DUQUE VS DOMINGO Facts: The complaint alleged that plaintiff, Julia Duque, is a niece of Juana Duque who died in 1928. Juana Duque, through her other nephew, Faustino Duque, whom she had employed as her agent, purchased from the government Lot 1083 of the Malinta Estate at Polo, Bulacan. Faustino Duque, the agent, caused the document of purchase, to be issued by the government in his name with the consent of his principal, Juana Duque. On June 22, 1915, Faustino Duque transferred his Sale Certificate No. 1138 with the permission of Juana Duque to his brother, Mariano Duque, who later received in 1931 Transfer Certificate No. 7501 for Lot 1083 from the government; it was alleged that since then, Juana Duque had been in the exclusive possession of Lot 1083 as owner paying the installments stipulated in the contract to the government through Faustino Duque and Mariano Duque or reimbursing their advances therefor; that in 1927, Juana Duque verbally donated and delivered Lot 1083 to plaintiff Julia Duque, her niece; that from then on up to the present, the plaintiff Julia Duque has been the exclusive and the beneficial owner thereof. However, when Mariano Duque, the title holder, died and in 1957, his children, Emilio Duque, Potenciana Duque, Amadeo Duque and Arsenic Duque registered Lot 1083 in their names in the Registry of Deeds of Bulacan. Then the plaintiff, Julia Duque, requested the defendants to reconvey to her the title of Lot 1083 but they refused to comply with her request. Issue: W/N there was implied trust between Juana Duque and either Faustino Duque or Mariano Duque?

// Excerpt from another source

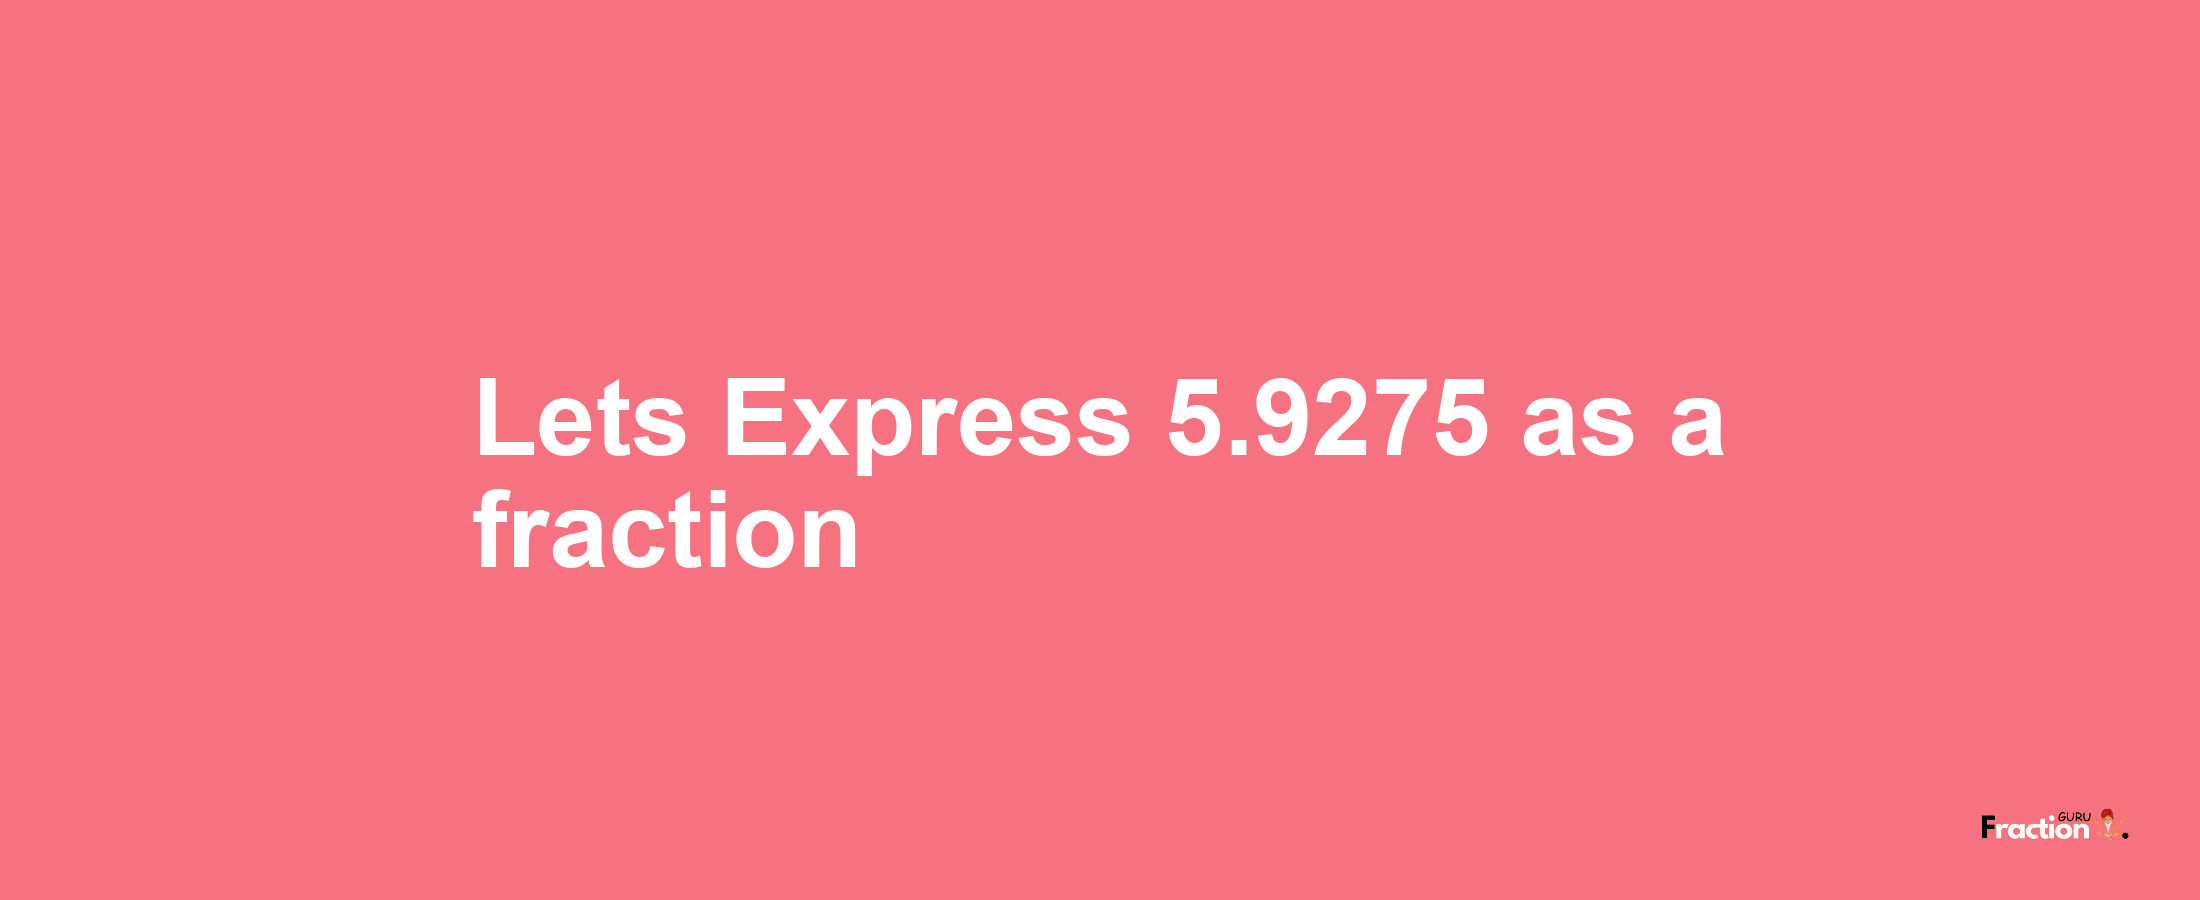 Lets Express 5.9275 as afraction

Held: No implied trust between Juana Duque and either Faustino Duque or Mariano Duque

has been established by sufficient evidence. The alleged possession by the private respondents of the land in question did not divest the petitioners, as registered owners, of their rights to Lot 1083. Adverse possession under claim of ownership for the period fixed by law is ineffective against a Torrens title. There is no adequate showing that Mariano Duque consented in 1927 to a verbal partition made by Juana Duque wherein she gave the property in question, Lot 1083, to Julia Duque. On the contrary, in 1931, after full payment of the purchase price, Mariano Duque obtained in his name Transfer Certificate of Title for Lot 1083 from the government. The alleged oral donation by Juana Duque in favor of Julia Duque did not transfer any right over Lot 1083 to the donee. Both under the Spanish Civil Code and the Civil Code of the Philippines, a donation of an immovable, to be valid must be made in a public document, specifying therein the property donated and the value of the charges which the donee must satisfy. At any rate, granting, that such an implied or constructive trust existed, the right of action upon the same has prescribed. From 1931 when Transfer Certificate of Title covering the land in question was issued to Mariano Duque until 1966 when the present case was commenced a period of 35 years had passed.